La guerre entre Israël et le Hamas risque d'avoir de « graves » conséquences économiques, a averti mardi le président de la Banque mondiale, Ajay Banga, lors d'une conférence d'investisseurs à Ryad en Arabie saoudite. Pour autant, les marchés semblent rester de marbre face aux évènements dramatiques qui se déroulent au Proche-Orient. Depuis l'attaque du Hamas, l'indice européen Stoxx 600 (600 premières capitalisations) a certes reculé de 2,23% et l'indice américain S&P 500 de 2,5%.
De fait, le climat est plutôt morose sur les marchés. « Le pandémonium semble bien décrire la situation de désordre et de chaos que nous connaissons du point de vue économique et géopolitique. Mais la situation macroéconomique est en réalité plus nuancée qu'elle ne paraît », estime Christopher Dembik, conseiller en stratégie d'investissement chez Pictet AM. Ce qui pourrait expliquer finalement la relative résilience des actions et des obligations face à la succession de chocs violents que nous vivons, y compris depuis l'invasion de l'Ukraine par la Russie. « La géopolitique a un impact souvent éphémère sur les marchés », note d'ailleurs l'économiste.
Les guerres sans impact sur la croissance
C'est d'ailleurs ce que constate une note de Brian Levitt, stratégiste marchés mondiaux chez Invesco. « Les actions ont enregistré des rendements importants au cours des douze mois qui ont suivi le pic du risque géopolitique », relève ainsi la note. Ainsi, le S&P 500 a grimpé de 35 % dans les 12 mois qui ont suivi la crise des missiles à Cuba (1962), de 27% dans la foulée de la guerre entre le Koweit et l'Irak (1990), de 22,6% après la guerre du Golfe (1991) ou de 35 % lors de la guerre entre les Etats-Unis et l'Irak (2003). Sur les dix crises majeures analysées depuis 1962, l'indice S&P 500 aura progressé en moyenne de près de 15 % au cours des 12 mois qui ont suivi.

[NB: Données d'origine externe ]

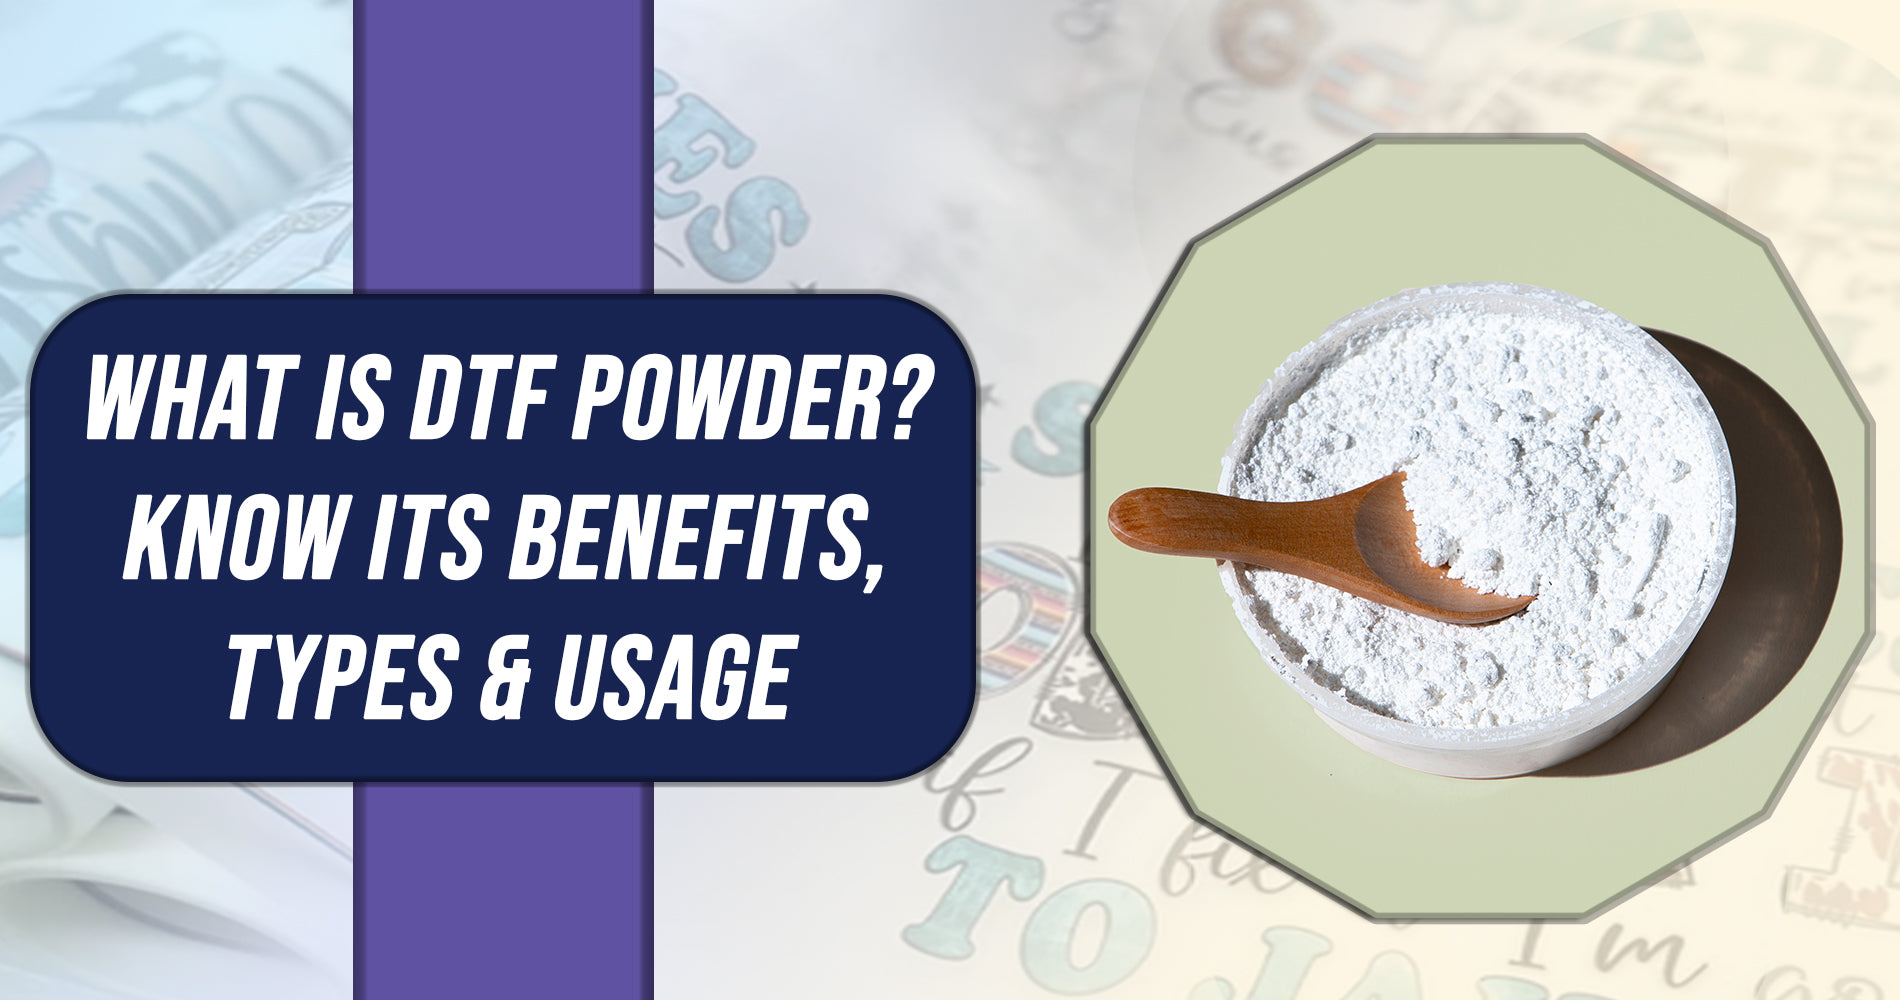 What is DTF Powder? Know its Benefits, Types & Applications

Une exception toutefois, la guerre du Kippour (1973) à laquelle certains commentateurs ont pu faire d'ailleurs un rapprochement avec la guerre du Hamas, notamment sur l'impréparation et la surprise des forces armées israéliennes. De fait, la guerre du Kippour a été suivie d'une grave récession mondiale et d'une baisse de près de 30 % du S&P 500. Toutefois, estime le stratégiste, 2023 n'est pas 1973 : il n'y a pas aujourd'hui de crise de l'offre énergétique, la désinflation est clairement engagée contrairement au début des années 70 et la Fed semble désormais bien piloter les anticipations d'inflation.
L'effet taux
« L'actif le plus réceptif aux crises géopolitiques est le pétrole », avance Christopher Dembik. Le prix du baril (Brent) a gagné 3,5% depuis le 7 octobre autour de 87 dollars, loin des 120, voire 150 dollars évoqués dans les heures qui ont suivi l'attaque du Hamas. Certes, la récession s'annonce en zone euro, mais elle sera plus technique que réelle.
Quand aux Etats-Unis, elle n'est pas pour demain et le chiffre de la croissance américaine au troisième trimestre pourrait même surprendre, compte tenu de l'effet « Taylor Swift », autrement dit les revenus additionnels générés par l'industrie du loisir, comme la chanteuse vedette Taylor Swift et autre Beyonce. Au total, les marchés actions américains, soutenus depuis le début de l'année par six ou sept valeurs Tech, n'ont aucune raison de décrocher d'ici la fin de l'année.
L'or grimpe de 20 %
En revanche, l'envolée des taux longs peut poser question. Depuis l'invasion de l'Ukraine, les taux longs ont pris en moyenne 300 points de base mais les taux d'intérêt réel ont fait le chemin inverse, note ainsi l'économiste Véronique Riches-Flores, dans une note publiée le 20 octobre dernier. Mais la guerre au Proche-Orient a provoqué une vive tension à la hausse sur les taux longs. Le taux américain à dix ans a même dépassé en début de semaine le seuil symbolique des 5 % et le taux à dix ans allemand a frôlé les 3 %.
« L'envolée des taux d'intérêt en période de conflit a constitué une constante dans l'histoire », souligne l'économiste. Une hausse des taux qui fragilise une grande partie des actifs financiers, comme les obligations d'Etat et les actions. Ce qui entraîne, ajoute Véronique Riches-Flores, un nouvel appétit pour les actifs physiques, notamment l'or. L'once d'or a bondi de 20 % depuis 7 octobre à 1.965 dollars.